* _TASK TO COMPLETE_: So that the copy stays text only, transcribe the data below exactly and exclude the images.

* _COLLECTED DATA_:
⁂

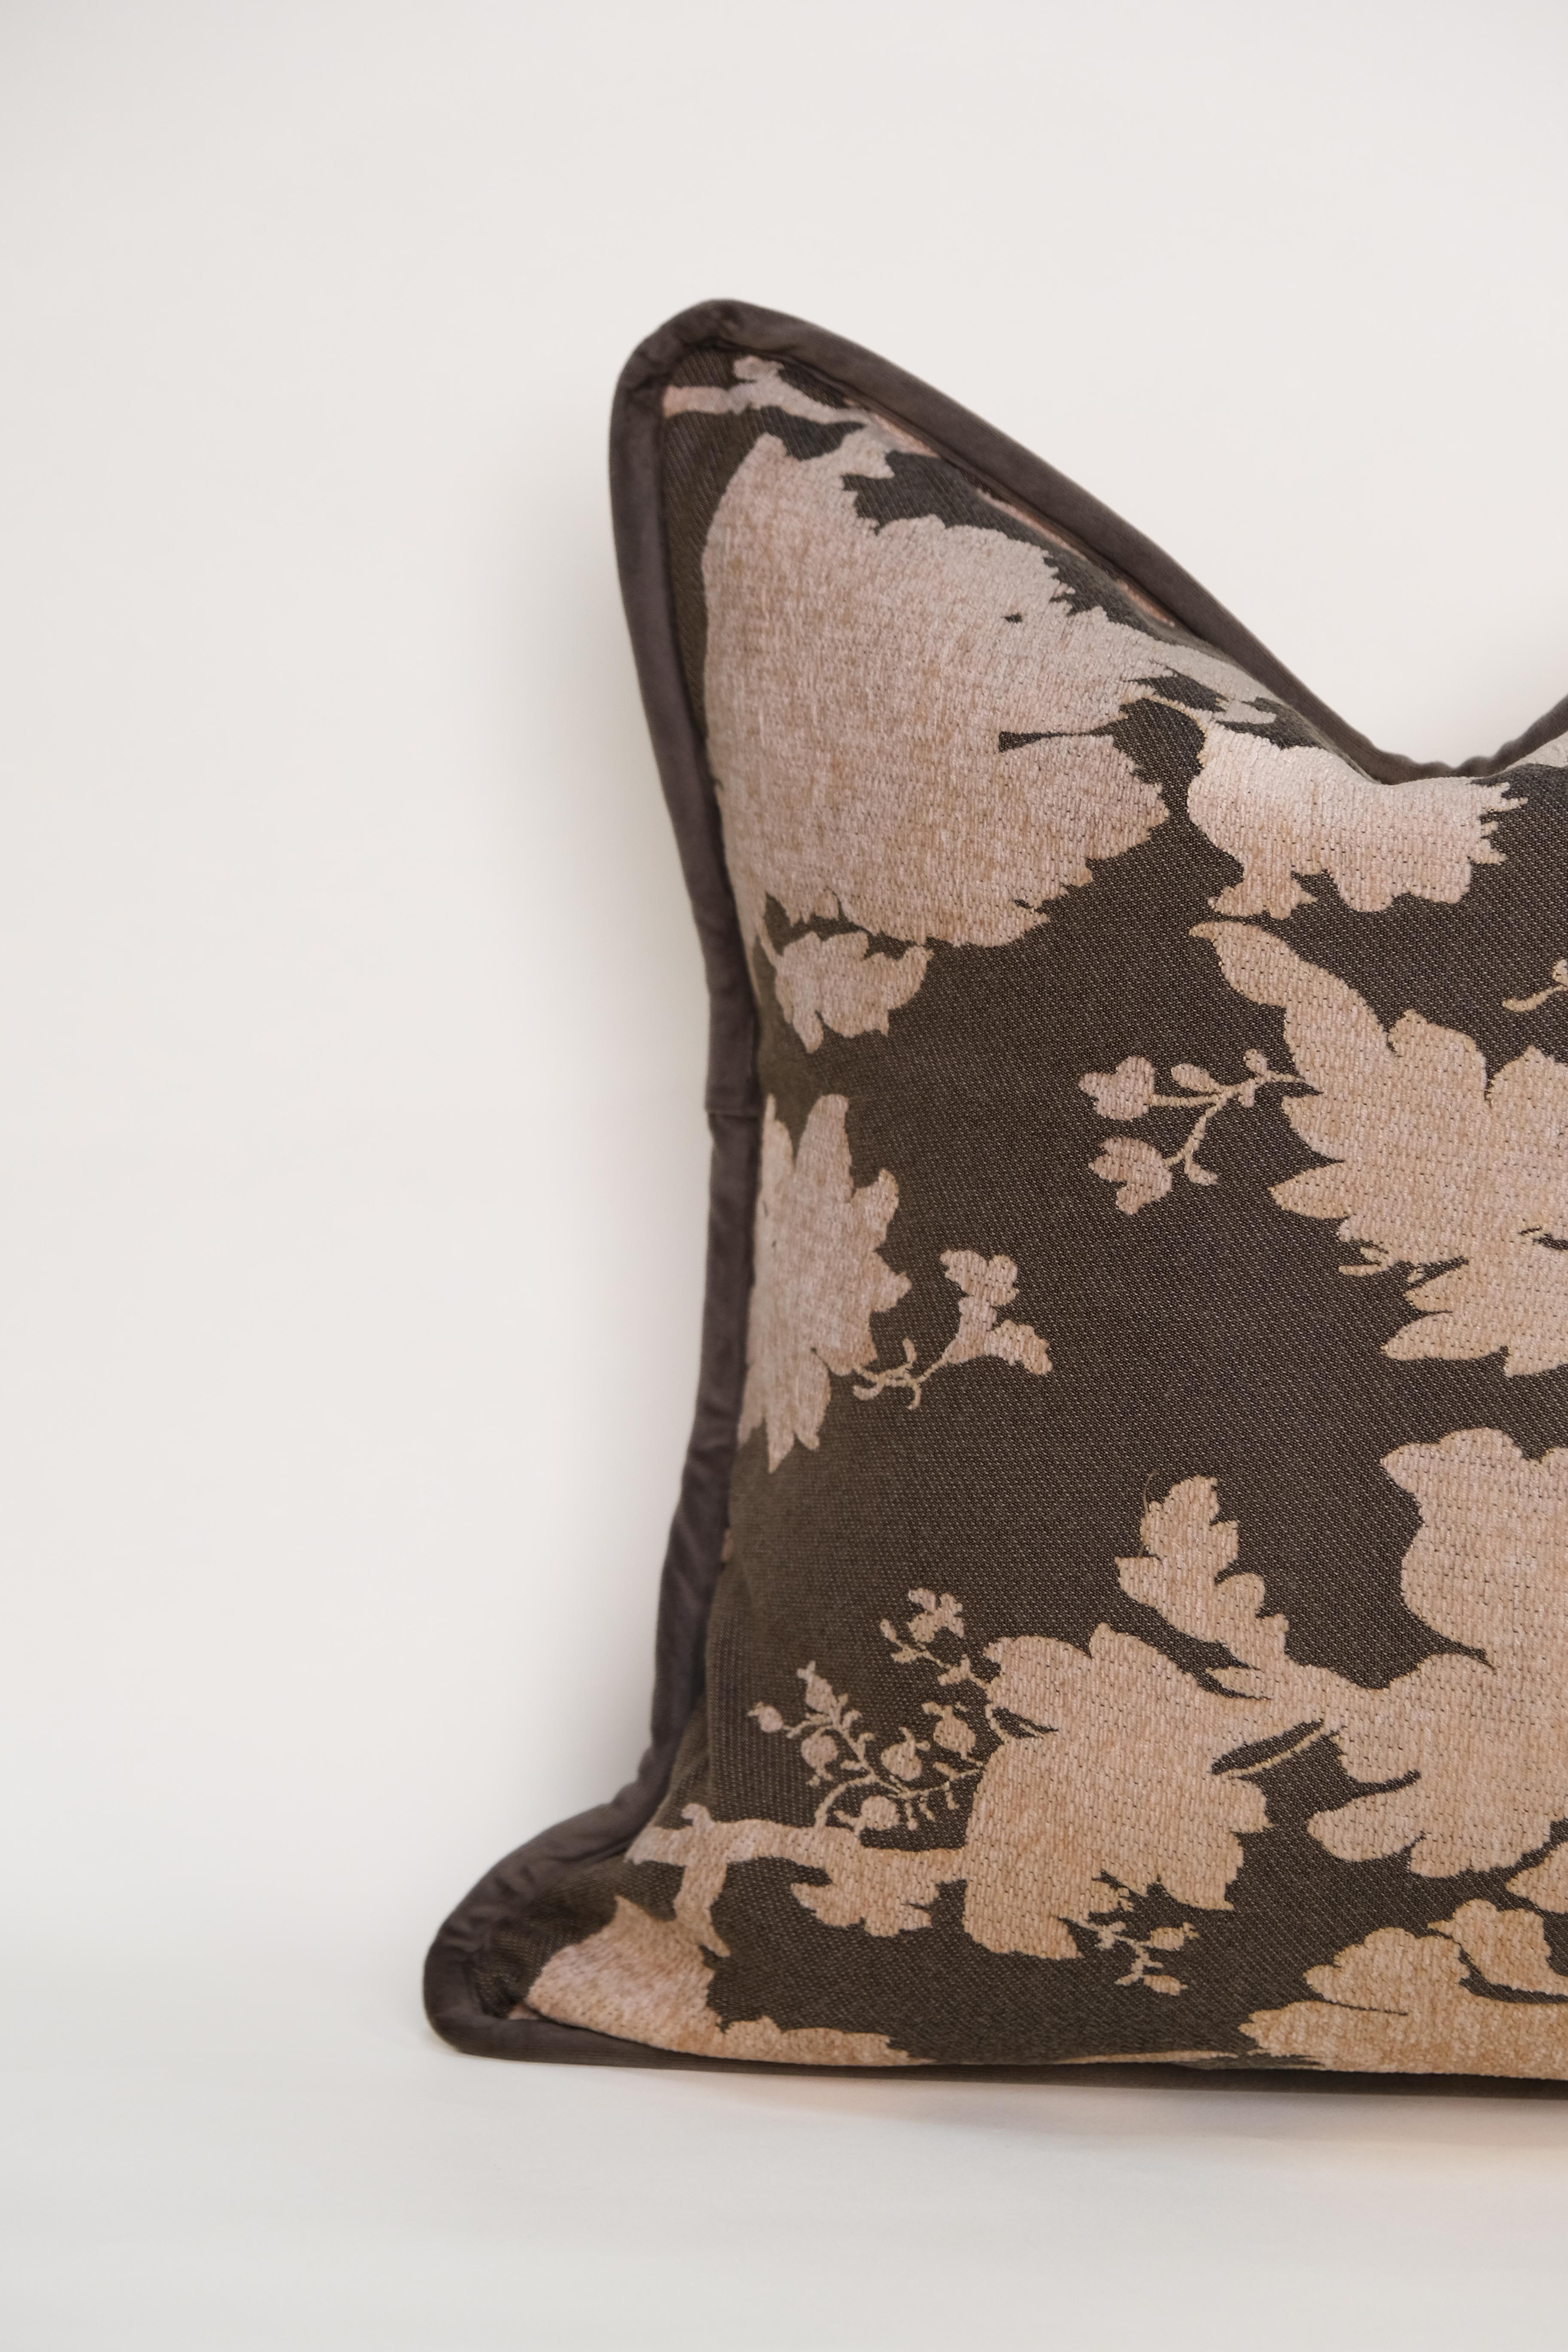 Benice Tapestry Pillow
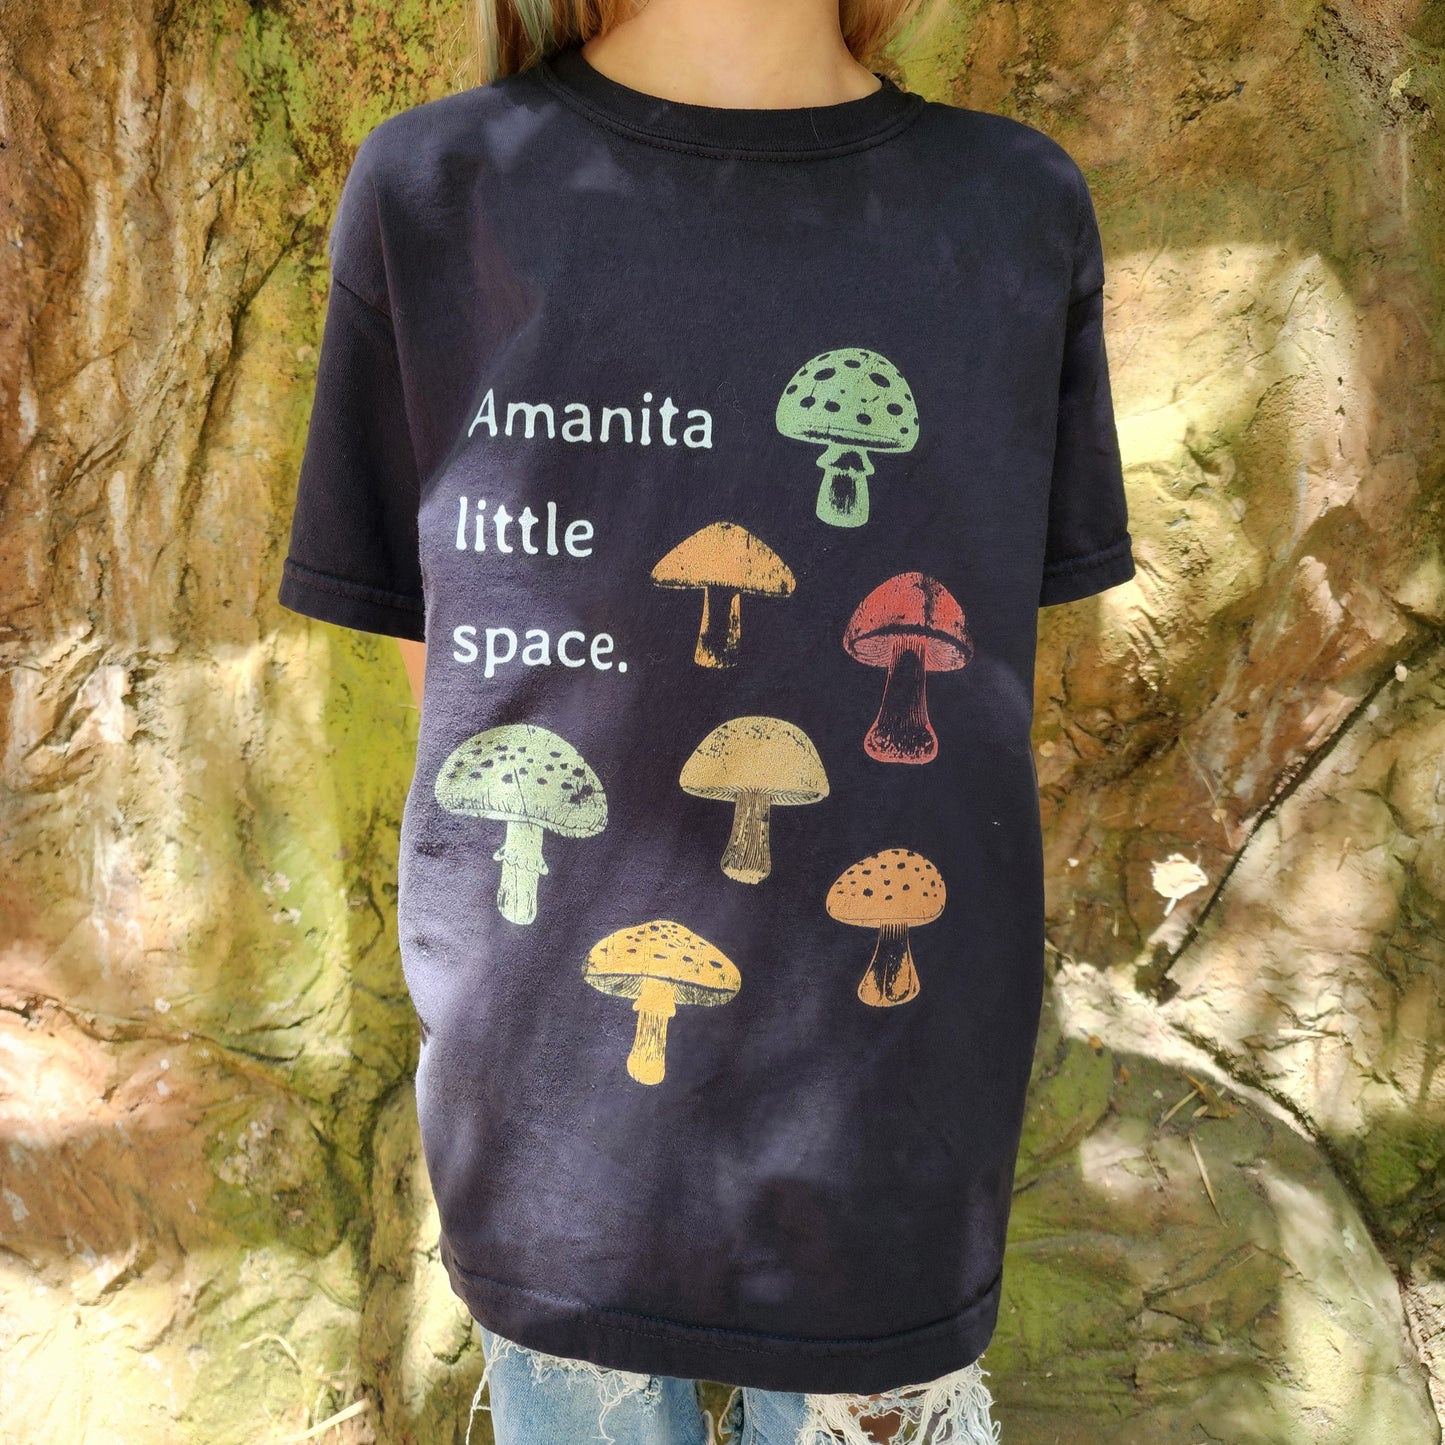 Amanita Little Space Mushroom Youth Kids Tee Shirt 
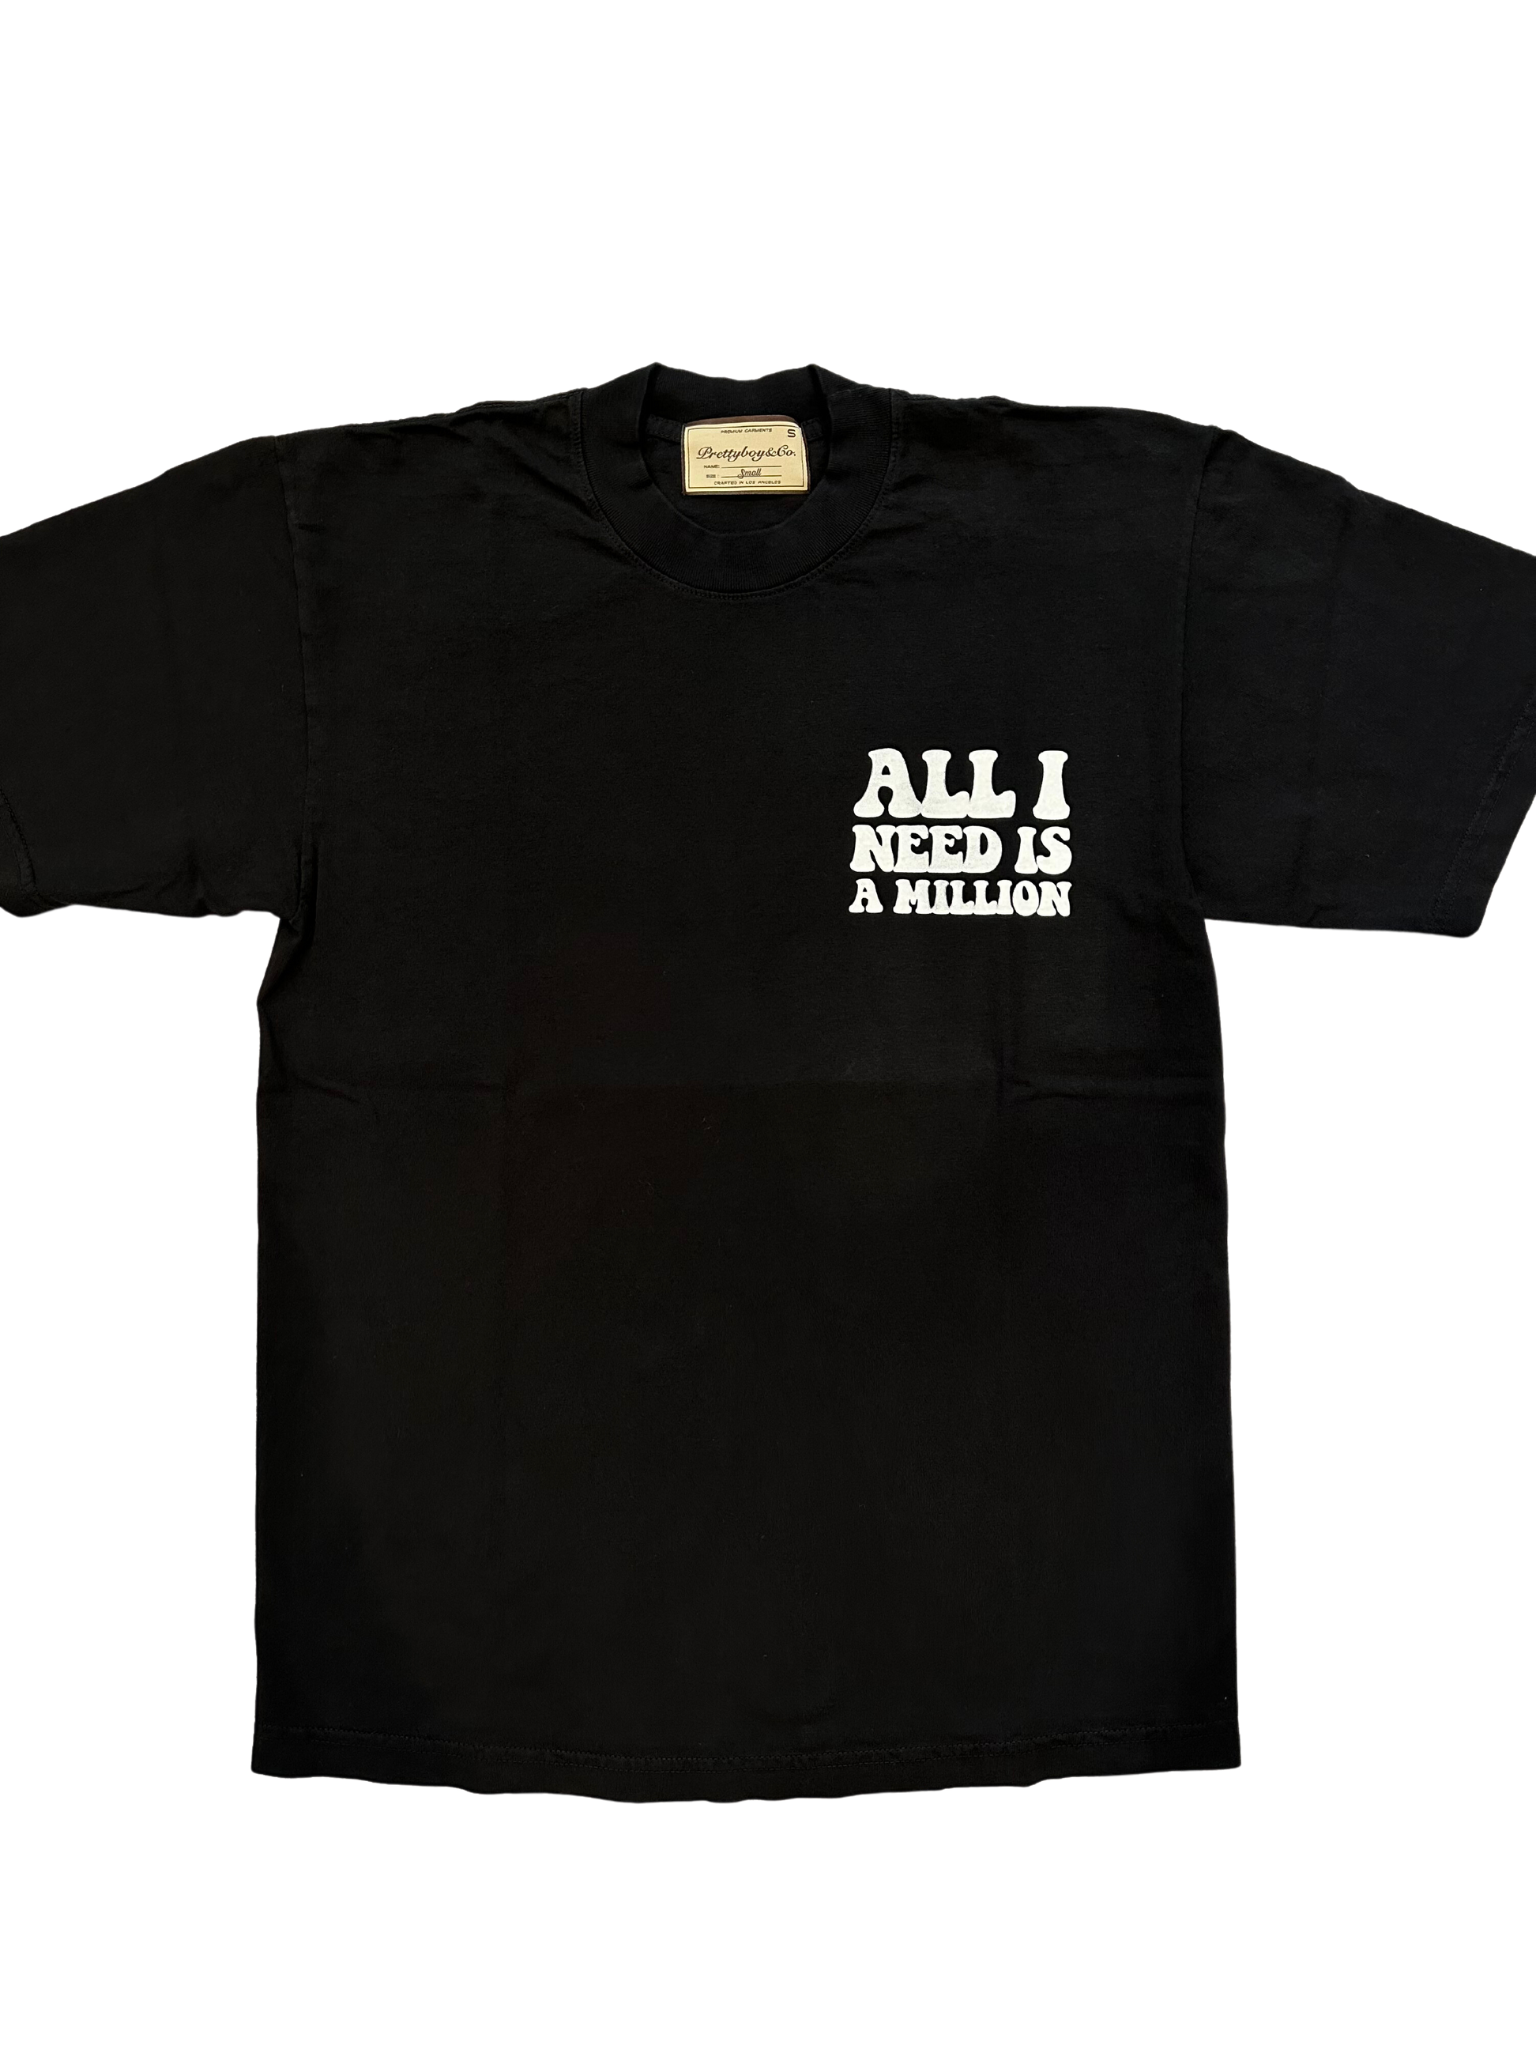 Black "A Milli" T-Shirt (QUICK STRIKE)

⁂

* _SOLUTION BELOW_:
 Benice Tapestry Pillow
 Amanita Little Space Mushroom Youth Kids Tee Shirt 
 Black "A Milli" T-Shirt (QUICK STRIKE)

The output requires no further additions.